EXERCISE OBJECTIVE:
Your task is to copy the stretch of lines in the records below that begins with the line containing "3 Gründe, warum" and ends with the line containing "Ballerino spagnolo di", exactly as written, with nothing added.

RECORD EXTRACTS:

########################################

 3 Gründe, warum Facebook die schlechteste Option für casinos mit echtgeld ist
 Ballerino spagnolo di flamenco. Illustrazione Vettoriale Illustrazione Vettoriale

########################################

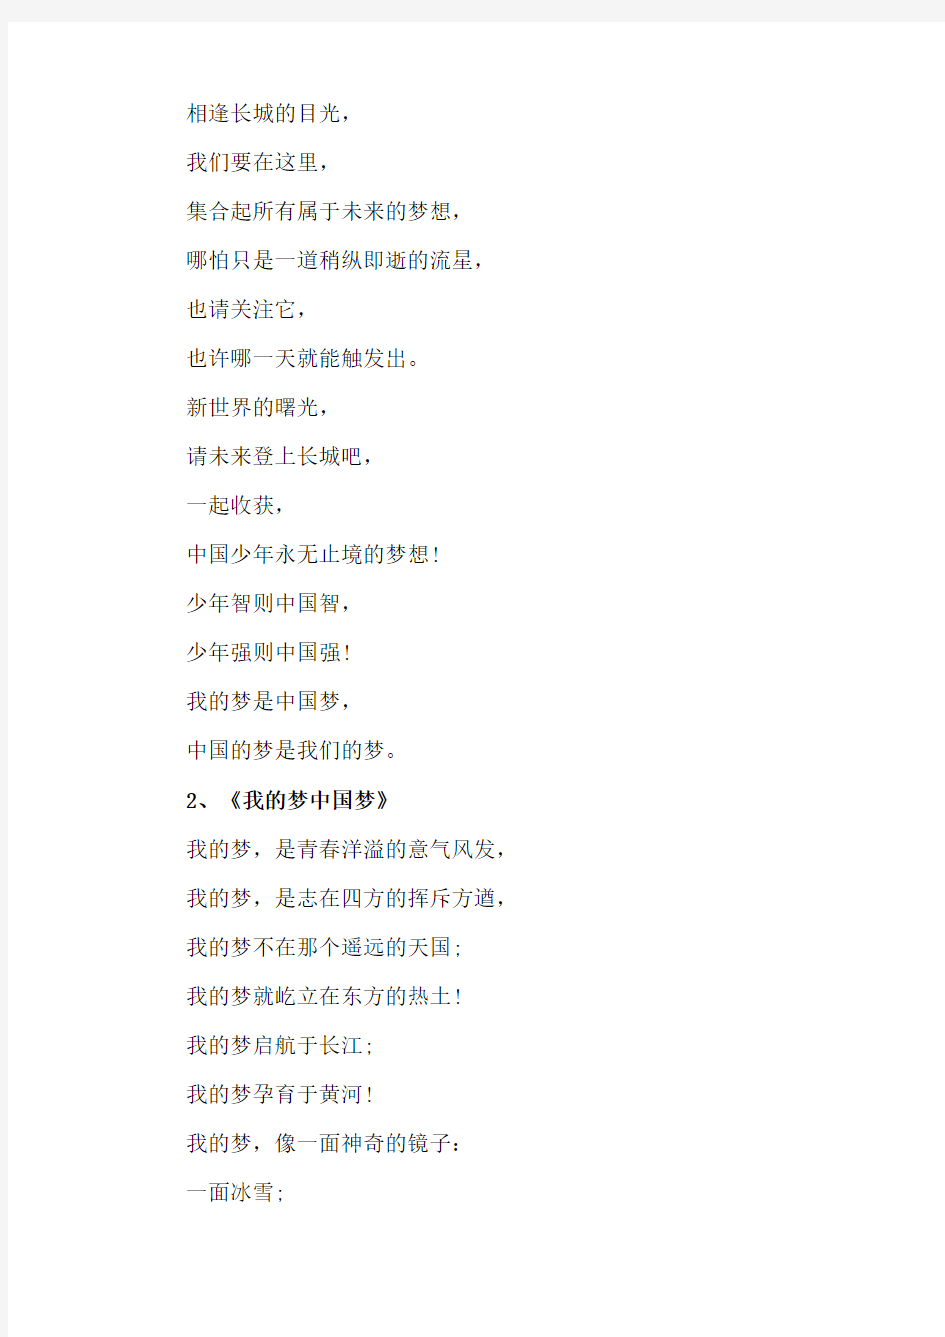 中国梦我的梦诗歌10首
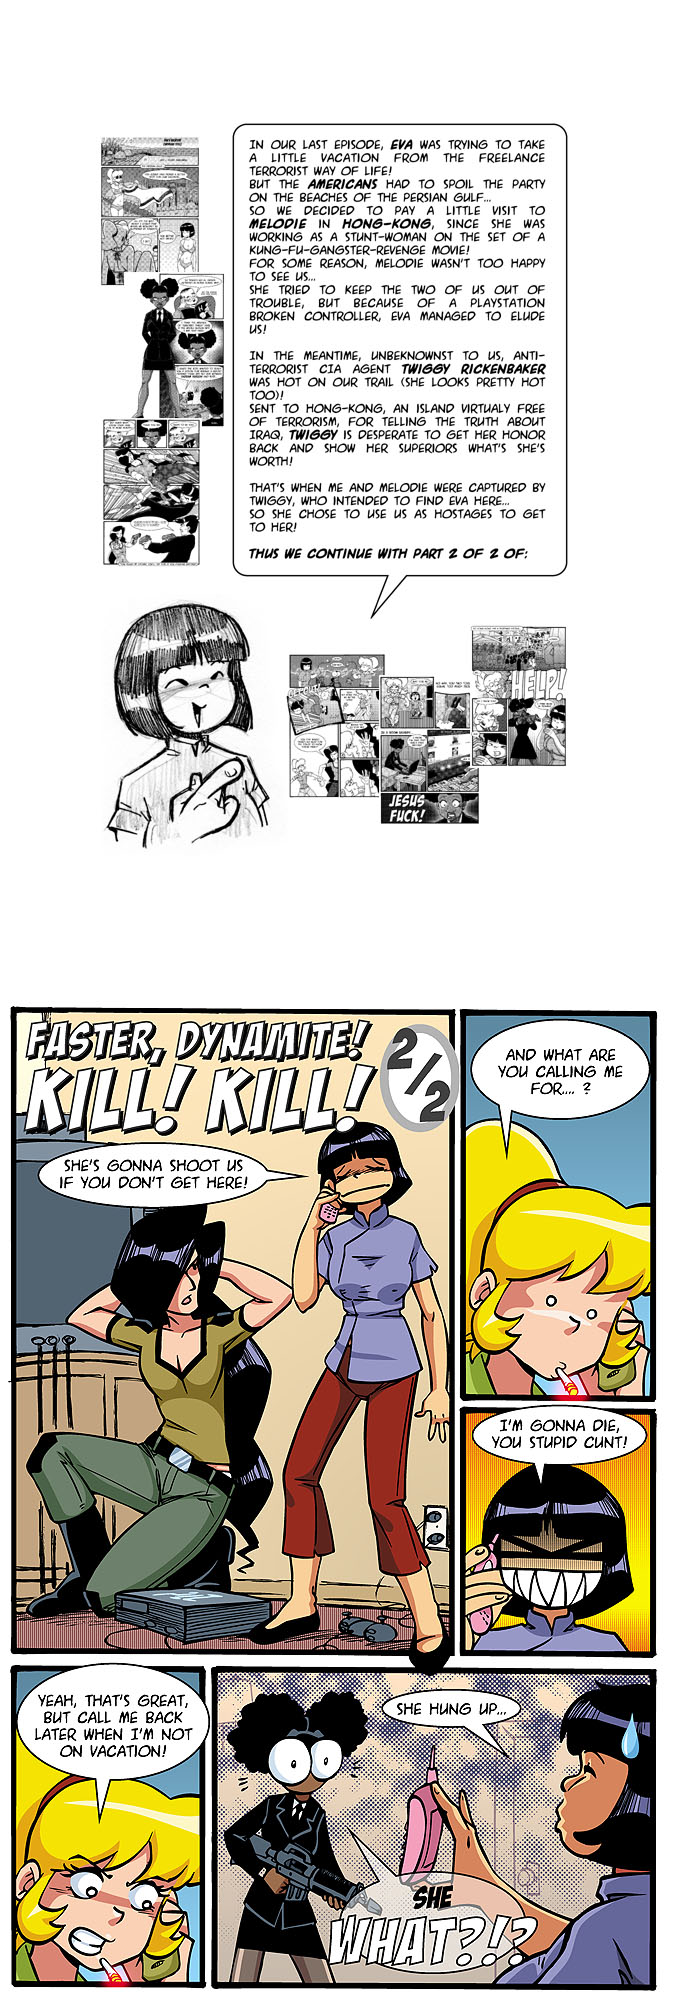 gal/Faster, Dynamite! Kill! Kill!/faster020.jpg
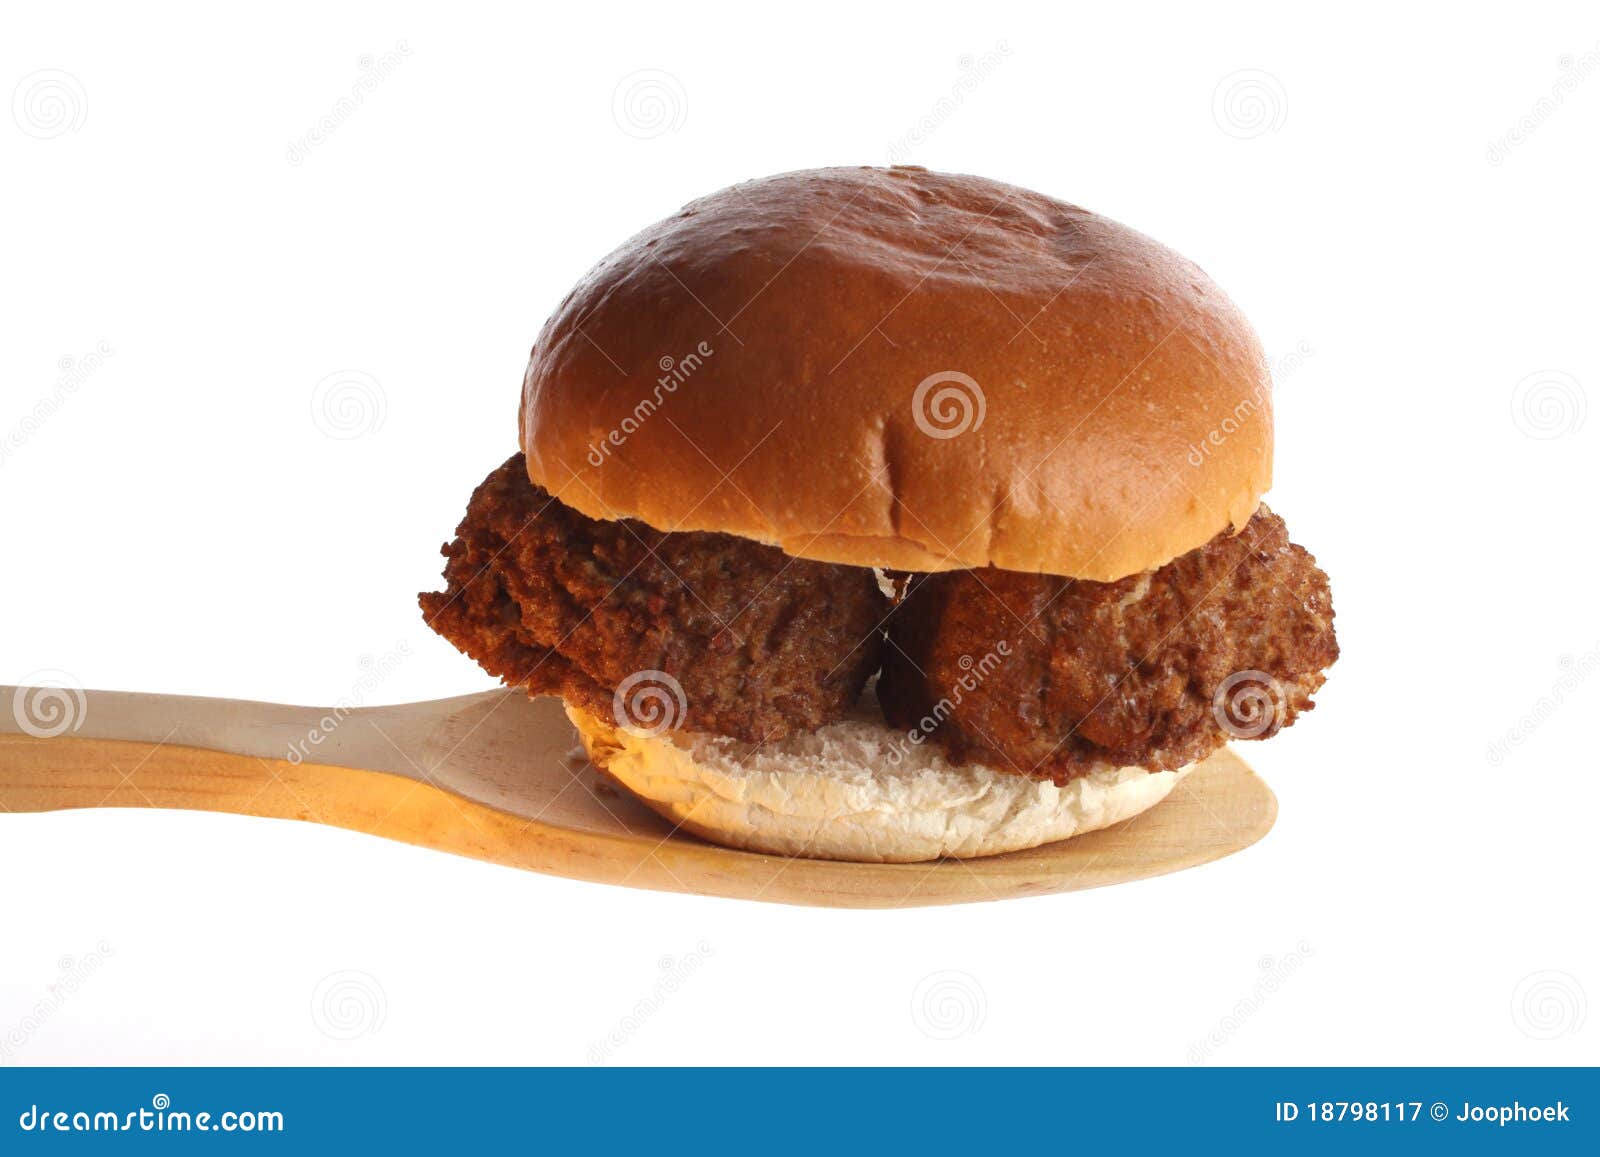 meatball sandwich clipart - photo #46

########################################

EXPECTED ANSWER:
 3 Gründe, warum Facebook die schlechteste Option für casinos mit echtgeld ist
 Ballerino spagnolo di flamenco. Illustrazione Vettoriale Illustrazione Vettoriale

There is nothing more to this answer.